■ **Exercise aim**
Give again, unchanged, the line that contains "Liza Koekkoek –" together with every line that follows it until the entries end.

■ **Exercise input**
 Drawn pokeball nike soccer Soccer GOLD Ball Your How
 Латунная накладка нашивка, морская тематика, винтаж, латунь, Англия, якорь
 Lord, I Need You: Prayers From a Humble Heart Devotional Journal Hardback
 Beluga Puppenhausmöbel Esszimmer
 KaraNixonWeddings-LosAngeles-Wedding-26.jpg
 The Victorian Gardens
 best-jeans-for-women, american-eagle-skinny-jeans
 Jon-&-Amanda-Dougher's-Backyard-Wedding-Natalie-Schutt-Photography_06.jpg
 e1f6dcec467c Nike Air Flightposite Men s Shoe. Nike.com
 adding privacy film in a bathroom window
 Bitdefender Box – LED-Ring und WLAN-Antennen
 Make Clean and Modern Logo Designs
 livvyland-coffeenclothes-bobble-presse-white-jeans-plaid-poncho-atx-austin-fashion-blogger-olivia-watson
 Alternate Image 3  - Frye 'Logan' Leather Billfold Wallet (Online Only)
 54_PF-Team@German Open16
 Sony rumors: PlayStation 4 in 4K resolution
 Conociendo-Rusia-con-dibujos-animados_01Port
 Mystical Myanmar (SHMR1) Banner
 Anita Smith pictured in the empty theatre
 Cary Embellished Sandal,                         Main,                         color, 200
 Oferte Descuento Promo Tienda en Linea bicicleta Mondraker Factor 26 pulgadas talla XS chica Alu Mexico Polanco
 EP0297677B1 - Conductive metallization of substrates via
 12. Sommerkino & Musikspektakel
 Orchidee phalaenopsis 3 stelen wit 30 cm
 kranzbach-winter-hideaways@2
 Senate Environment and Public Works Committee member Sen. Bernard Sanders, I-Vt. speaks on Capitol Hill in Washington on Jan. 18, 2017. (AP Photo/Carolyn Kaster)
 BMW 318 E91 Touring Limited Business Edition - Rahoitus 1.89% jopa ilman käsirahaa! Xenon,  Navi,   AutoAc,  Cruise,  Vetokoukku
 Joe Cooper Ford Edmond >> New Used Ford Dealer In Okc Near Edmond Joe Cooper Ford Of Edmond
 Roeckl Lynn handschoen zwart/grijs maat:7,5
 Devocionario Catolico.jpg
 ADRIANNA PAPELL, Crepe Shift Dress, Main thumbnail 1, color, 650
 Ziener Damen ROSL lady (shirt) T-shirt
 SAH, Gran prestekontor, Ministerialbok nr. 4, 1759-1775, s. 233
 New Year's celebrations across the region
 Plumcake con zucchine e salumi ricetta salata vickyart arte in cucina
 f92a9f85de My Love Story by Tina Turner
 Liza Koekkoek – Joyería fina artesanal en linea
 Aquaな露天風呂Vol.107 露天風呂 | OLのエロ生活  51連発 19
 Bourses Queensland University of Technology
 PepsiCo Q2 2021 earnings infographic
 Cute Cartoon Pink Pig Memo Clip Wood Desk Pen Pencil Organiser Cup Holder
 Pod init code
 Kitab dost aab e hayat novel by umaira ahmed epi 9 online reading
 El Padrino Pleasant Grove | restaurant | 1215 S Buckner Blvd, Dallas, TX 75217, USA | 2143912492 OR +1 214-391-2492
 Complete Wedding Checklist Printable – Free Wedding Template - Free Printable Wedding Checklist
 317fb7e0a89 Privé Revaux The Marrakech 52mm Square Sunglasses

■ **Exercise answer**
 Liza Koekkoek – Joyería fina artesanal en linea
 Aquaな露天風呂Vol.107 露天風呂 | OLのエロ生活  51連発 19
 Bourses Queensland University of Technology
 PepsiCo Q2 2021 earnings infographic
 Cute Cartoon Pink Pig Memo Clip Wood Desk Pen Pencil Organiser Cup Holder
 Pod init code
 Kitab dost aab e hayat novel by umaira ahmed epi 9 online reading
 El Padrino Pleasant Grove | restaurant | 1215 S Buckner Blvd, Dallas, TX 75217, USA | 2143912492 OR +1 214-391-2492
 Complete Wedding Checklist Printable – Free Wedding Template - Free Printable Wedding Checklist
 317fb7e0a89 Privé Revaux The Marrakech 52mm Square Sunglasses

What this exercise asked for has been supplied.